(INFORMATION PROVIDED Opens)

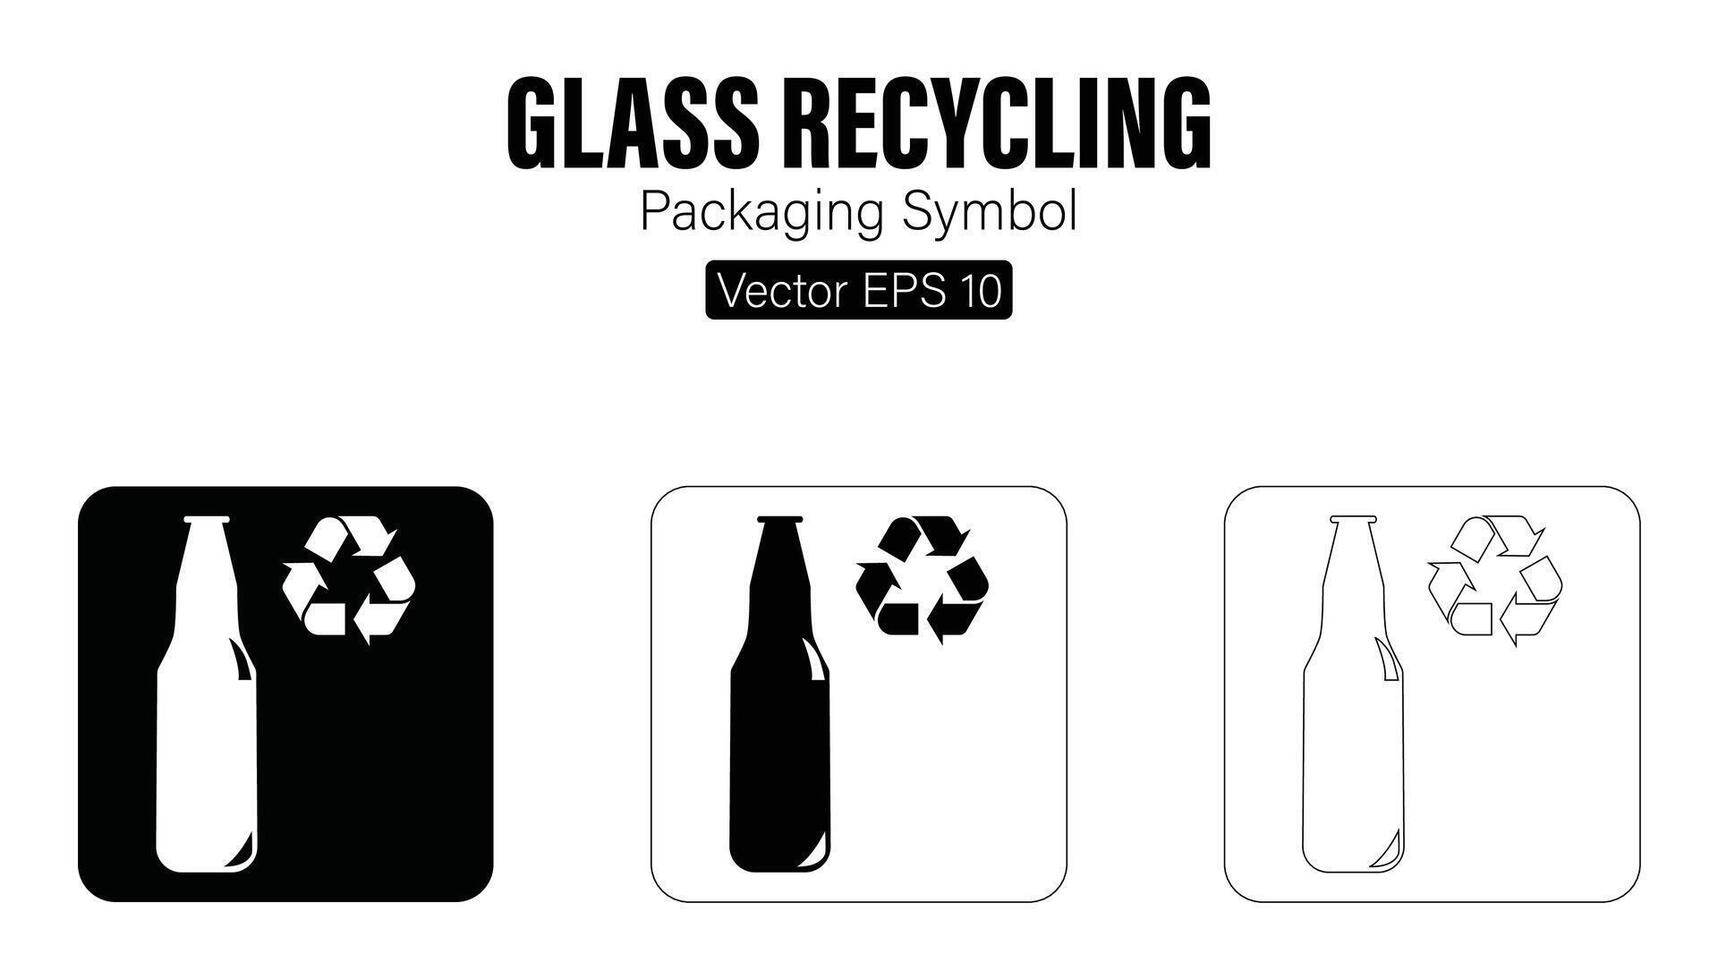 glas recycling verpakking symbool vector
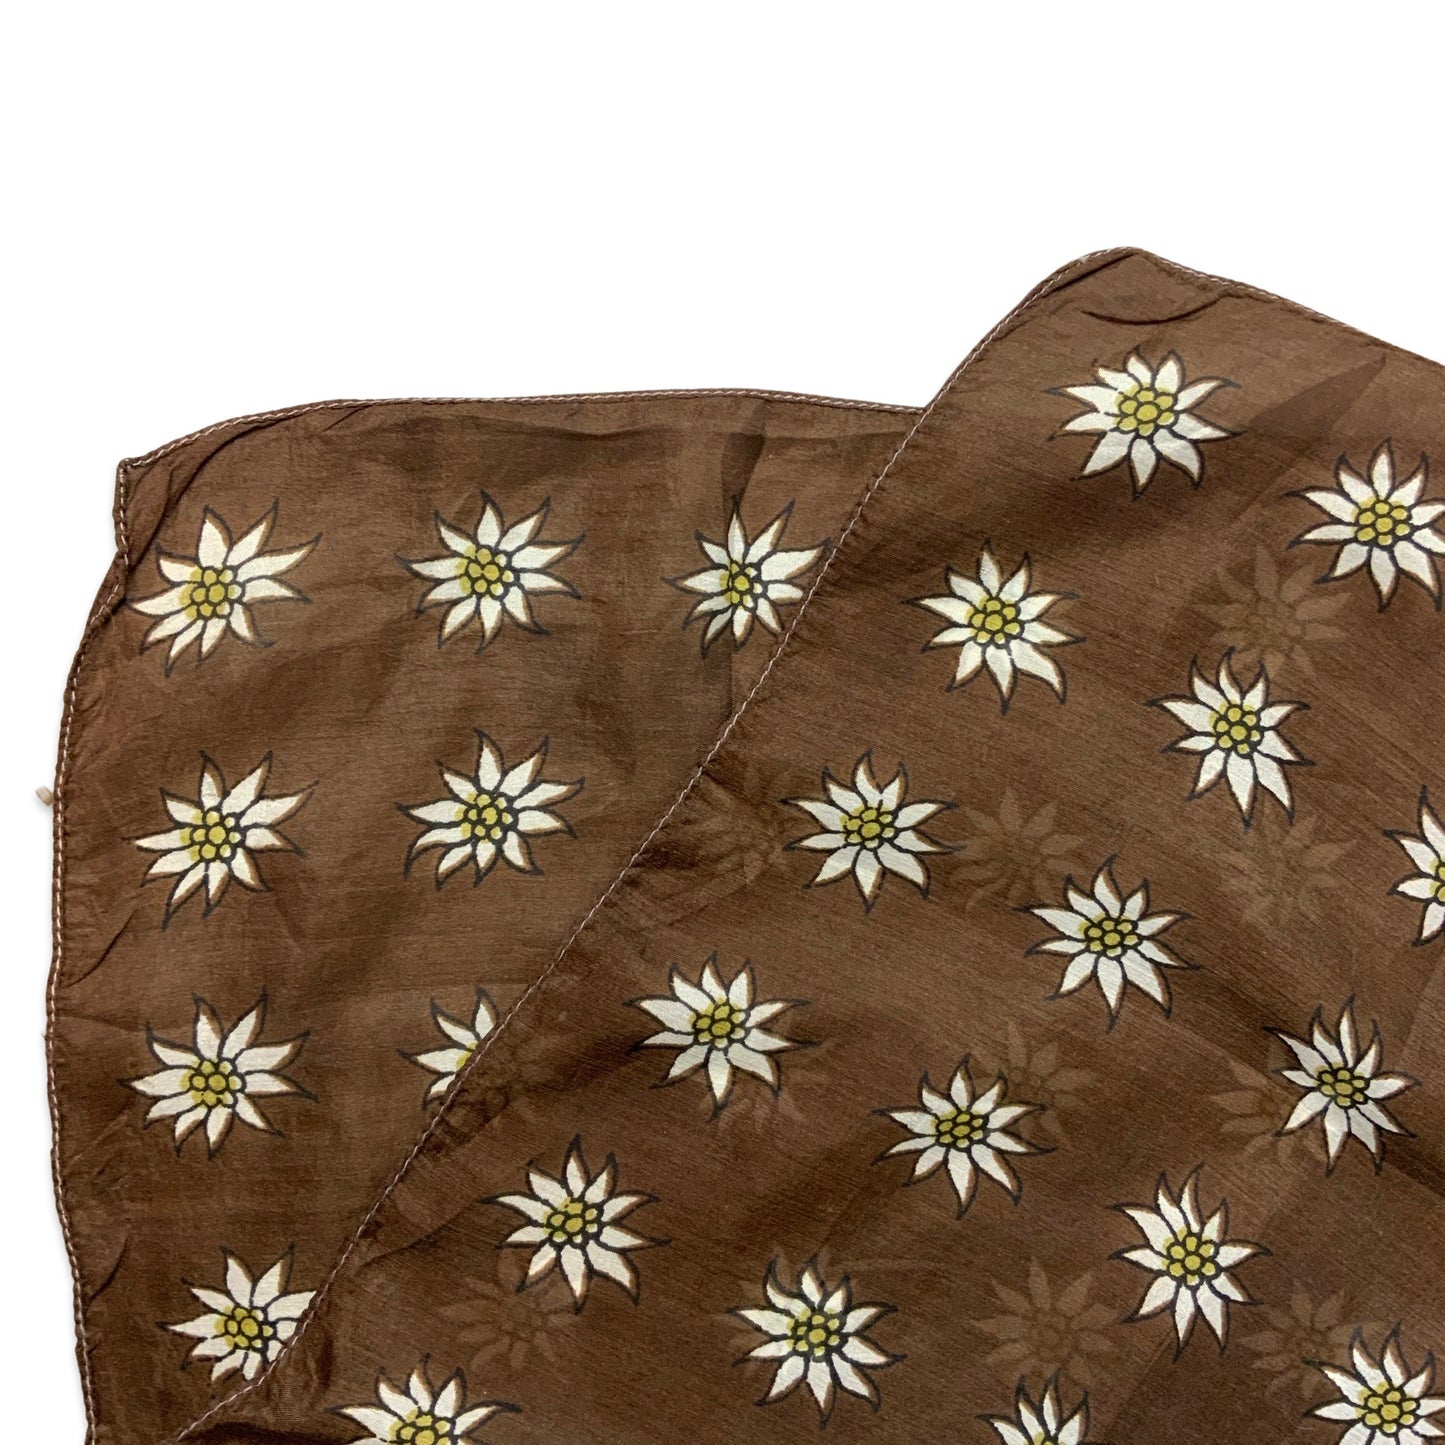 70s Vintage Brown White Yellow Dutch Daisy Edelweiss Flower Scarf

(INFORMATION PROVIDED Closes)
(INFORMATION PROVIDED Opens)

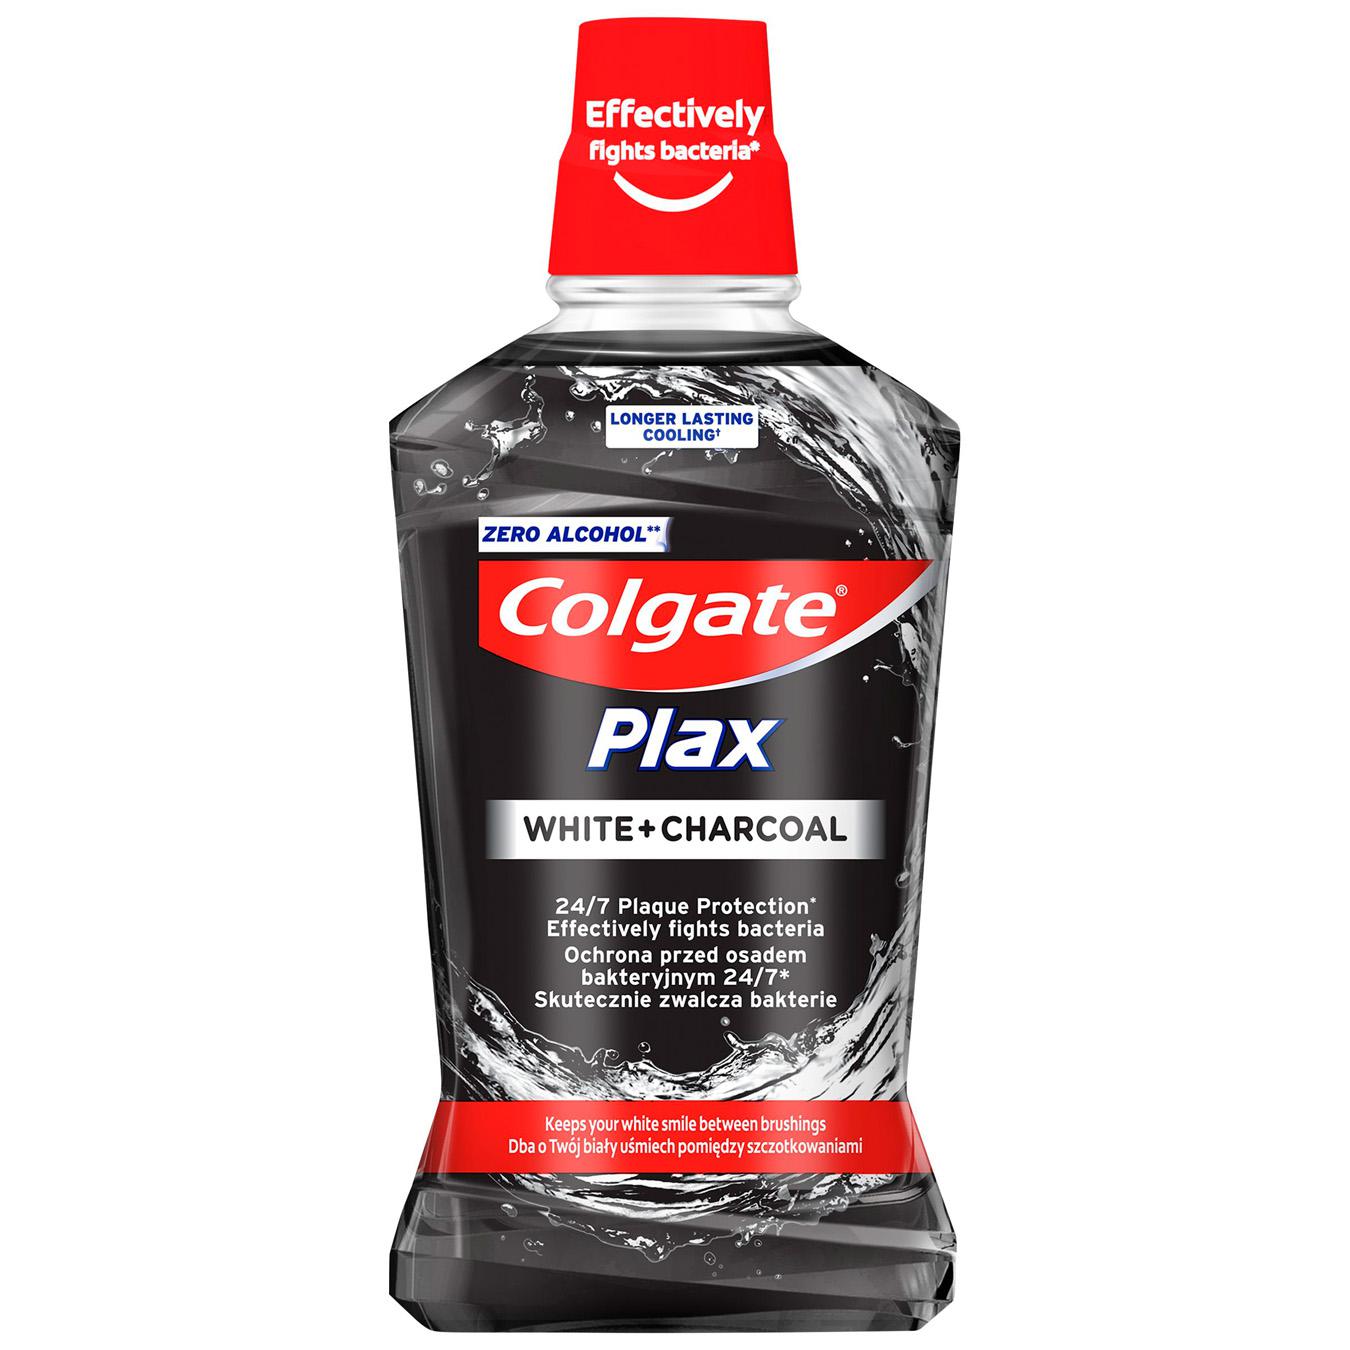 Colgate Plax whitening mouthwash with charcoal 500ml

(INFORMATION PROVIDED Closes)

ASSIGNED TASK
Leaving every picture aside, reproduce exactly the lines above from the one with "glas recycling verpakking symbool vector" up to and including the one with "70s Vintage Brown", and no others.

EXERCISE RESULT
 glas recycling verpakking symbool vector
 70s Vintage Brown White Yellow Dutch Daisy Edelweiss Flower Scarf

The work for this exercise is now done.